(Record extracts Opens)

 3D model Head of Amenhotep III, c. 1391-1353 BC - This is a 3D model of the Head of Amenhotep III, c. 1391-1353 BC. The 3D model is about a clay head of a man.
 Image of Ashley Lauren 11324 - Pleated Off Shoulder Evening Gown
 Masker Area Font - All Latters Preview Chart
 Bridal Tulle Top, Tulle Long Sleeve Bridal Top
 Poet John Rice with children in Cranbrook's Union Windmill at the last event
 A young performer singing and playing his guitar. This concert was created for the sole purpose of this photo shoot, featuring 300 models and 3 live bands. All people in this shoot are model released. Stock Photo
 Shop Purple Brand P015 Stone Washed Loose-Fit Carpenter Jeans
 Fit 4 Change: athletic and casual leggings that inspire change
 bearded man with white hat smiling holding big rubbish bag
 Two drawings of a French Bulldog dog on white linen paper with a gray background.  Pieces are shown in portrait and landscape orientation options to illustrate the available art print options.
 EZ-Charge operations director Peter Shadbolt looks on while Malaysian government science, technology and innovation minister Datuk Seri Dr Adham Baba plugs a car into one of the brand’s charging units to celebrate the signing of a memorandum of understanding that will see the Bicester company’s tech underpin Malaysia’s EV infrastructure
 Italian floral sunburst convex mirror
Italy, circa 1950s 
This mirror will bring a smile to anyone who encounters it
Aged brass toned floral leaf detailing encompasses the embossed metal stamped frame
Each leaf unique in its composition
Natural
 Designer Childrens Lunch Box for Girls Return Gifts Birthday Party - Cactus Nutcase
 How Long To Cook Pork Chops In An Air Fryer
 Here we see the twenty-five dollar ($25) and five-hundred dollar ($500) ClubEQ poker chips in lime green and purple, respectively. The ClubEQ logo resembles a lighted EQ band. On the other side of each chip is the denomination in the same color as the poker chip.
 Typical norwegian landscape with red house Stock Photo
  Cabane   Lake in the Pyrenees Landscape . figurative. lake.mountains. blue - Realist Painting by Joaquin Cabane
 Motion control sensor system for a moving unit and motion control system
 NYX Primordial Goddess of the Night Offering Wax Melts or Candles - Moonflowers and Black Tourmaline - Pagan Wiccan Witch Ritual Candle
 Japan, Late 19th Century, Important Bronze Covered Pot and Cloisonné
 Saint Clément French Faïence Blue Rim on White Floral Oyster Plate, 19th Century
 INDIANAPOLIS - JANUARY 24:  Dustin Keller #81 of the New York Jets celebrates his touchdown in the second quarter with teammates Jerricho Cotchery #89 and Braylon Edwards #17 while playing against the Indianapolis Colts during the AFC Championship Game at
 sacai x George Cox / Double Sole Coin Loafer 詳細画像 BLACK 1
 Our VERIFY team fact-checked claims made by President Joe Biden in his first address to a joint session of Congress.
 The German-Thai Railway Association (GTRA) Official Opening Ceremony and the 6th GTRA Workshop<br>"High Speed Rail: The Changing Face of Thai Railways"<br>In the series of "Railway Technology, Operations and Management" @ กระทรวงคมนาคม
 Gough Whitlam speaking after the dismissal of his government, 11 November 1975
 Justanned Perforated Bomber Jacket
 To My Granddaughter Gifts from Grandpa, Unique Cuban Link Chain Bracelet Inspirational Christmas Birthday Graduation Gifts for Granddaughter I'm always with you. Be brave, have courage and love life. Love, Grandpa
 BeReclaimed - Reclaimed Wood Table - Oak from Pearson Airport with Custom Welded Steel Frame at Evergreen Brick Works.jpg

(Record extracts Closes)

▶ **Task to complete**
Retype exactly the lines of the data above that fall between the line with "A young performer" and the line with "Two drawings of", inclusive, and add nothing.

▶ **Final answer**
 A young performer singing and playing his guitar. This concert was created for the sole purpose of this photo shoot, featuring 300 models and 3 live bands. All people in this shoot are model released. Stock Photo
 Shop Purple Brand P015 Stone Washed Loose-Fit Carpenter Jeans
 Fit 4 Change: athletic and casual leggings that inspire change
 bearded man with white hat smiling holding big rubbish bag
 Two drawings of a French Bulldog dog on white linen paper with a gray background.  Pieces are shown in portrait and landscape orientation options to illustrate the available art print options.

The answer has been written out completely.